Volkswagen is going to commemorate the victims of the Nazi regime on Friday, January 27, 2023, the International Holocaust Remembrance Day and the Memorial Day for the liberation of Auschwitz concentration camp. By acting as partner of the exhibition “Sixteen objects – Seventy Years of Yad Vashem” in Berlin and holding memorial ceremonies at Auschwitz and at the Volkswagen plant in Wolfsburg, the Group honors the memory and calls for public remembrance and tribute to the victims.

The exhibition „Sixteen Objects – Seventy Years yad Vashem” at the German Bundestag in Berlin

Joining forces with Borussia Dortmund, Mercedes-Benz Group, Deutsche Bahn and Deutsche Bank, Volkswagen stands up against antisemitism, racism and discrimination. This year, the companies provide communication support for an exhibition realized by the German Society of the Friends of Yad Vashem on the occasion of the Holocaust Remembrance Day and Yad Vashem’s seventieth anniversary. From January 25 until February 17, 2023, the exhibition can be visited in the Paul-Löbe-Haus of the German Bundestag before it will be on view at the UNESCO World Heritage Site Zollverein in Essen. Further information about the work of the Friends of Yad Vashem and the exhibition can be found at www.yad-vashem.de.

The exhibition concept features every-day objects that build bridges and touch visitors directly. For the first time in its seventy-year history, objects from the collection of the World Holocaust Remembrance Center Yad Vashem return to Germany for a short time. Visitors will be able to explore sixteen every-day objects from families or individuals who once lived in Germany. They represent the countless lives that were destroyed by the Nazi regime. Each object refers to one of the German federal states and tells a different personal story. The exhibition is supposed to strengthen the memory of the Holocaust in Germany and to further spread the message of Yad Vashem. Volkswagen is profoundly pleased to announce that the company becomes patron of an emotional historical document: the letter written in 1944 by the eleven-year-old Siegfried (Sigi) Rapaport to his mother while he was imprisoned in the Stutthof concentration camp. Beyond its original context, it unfolds a universal call for remembrance and against forgetting or negating.

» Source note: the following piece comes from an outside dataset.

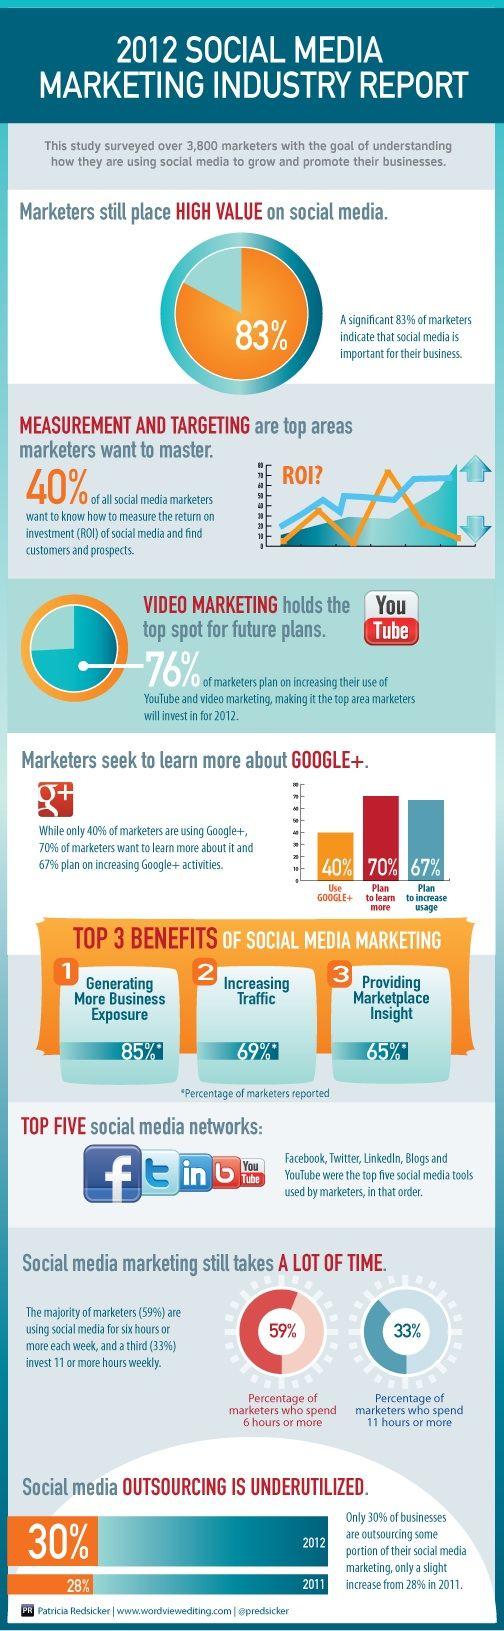 Le aziende come utilizzano i Social Media nel 2012?   Aziende e social network: un'infografica che riassume i dati più interessanti emersi dal Social Media Marketing Industry Report 2012

The exhibition is being officially opened on January 24 by Bundestag President Bärbel Bas during a memorial ceremony at the German Bundestag to commemorate the victims of National Socialism. The ceremony is joined by twelve trainees from Volkswagen Group and VW Sachsen GmbH who took part in a memorial project at the former Nazi concentration and extermination camp Auschwitz-Birkenau last year. For more than 30 years, Volkswagen and the International Auschwitz Committee have been realizing regular partnership projects to involve trainees from the Volkswagen Group and from Polish companies in the work at the memorial site. Since the launch of this partnership in 1987, more than 4,000 young people from Germany and Poland met and worked together in Oświęcim. The voluntary work of these young women and men is important for helping to secure the former concentration camp as international memorial site. During the project days, the participants engage with history and its legacy when they clear overgrown paths, repair barbed wire fences and preserve objects stolen from the murdered victims.

Wreath laying ceremonies and memorial ceremonies

The former concentration camp Auschwitz-Birkenau will host a memorial ceremony to remember the millions of people murdered or affected by Nazi Persecution. Together with Christian Heubner, deputy chairman of the International Auschwitz Committee, trainees from the Volkswagen Group will lay wreathsand pay tribute to the victims and survivors of the Holocaust. A further public wreath laying ceremony for employees and guests will take place on January 27 at 2:30 p.m., at the memorial stone on Südstraße within the facilities of the Wolfsburg plant. The ceremony will be followed by a memorial symposium dedicated to the topic “The future of the culture of remembrance”. It will be held in the lobby of Volkswagen’s corporate archive.

Volkswagen’s remembrance work is centered around the commitment to keep memories alive, draw lessons from the past and incorporate them into present work and life. Until today, the Group has already made significant efforts to investigate, review and understand its own history. As part of this work, Volkswagen has been in close contact with survivors of the Holocaust, including Sally Perel and Sara Frenkel-Bass who took over a highly valued and long-lasting support role for Volkswagen’s corporate remembrance work. Now, all coming generations are no more able to personally meet with survivors and learn from their lives and experiences, but although nearly all survivors have passed away, remembrance work cannot stop. An example can be found in the interview with Rivka Berger conducted by Volkswagen’s Heritage team. Spotlights from the interview will be presented during the memorial event and provide a poignant idea of the life of the daughter of Judith Berkovicz who was submitted to forced labor by the Nazis and whose experiences of the Holocaust affected the life of different family generations.

Further to the memorial ceremony, Volkswagen trainees will present their findings from a concentrated multi-months research project in which they collected information about forced labor workers at the former Volkswagen plant. The project resulted in the production of short movie clips intended to attract new target groups for remembrance work. The videos feature conversations about chances that current and upcoming generation have to keep not only memories alive but also the messages of the survivors.

As part of the event, the Philharmonic Volkswagen Orchestra will play pieces from Gideon Klein’s string quartet that was founded in the Theresienstadt Ghetto during World War II.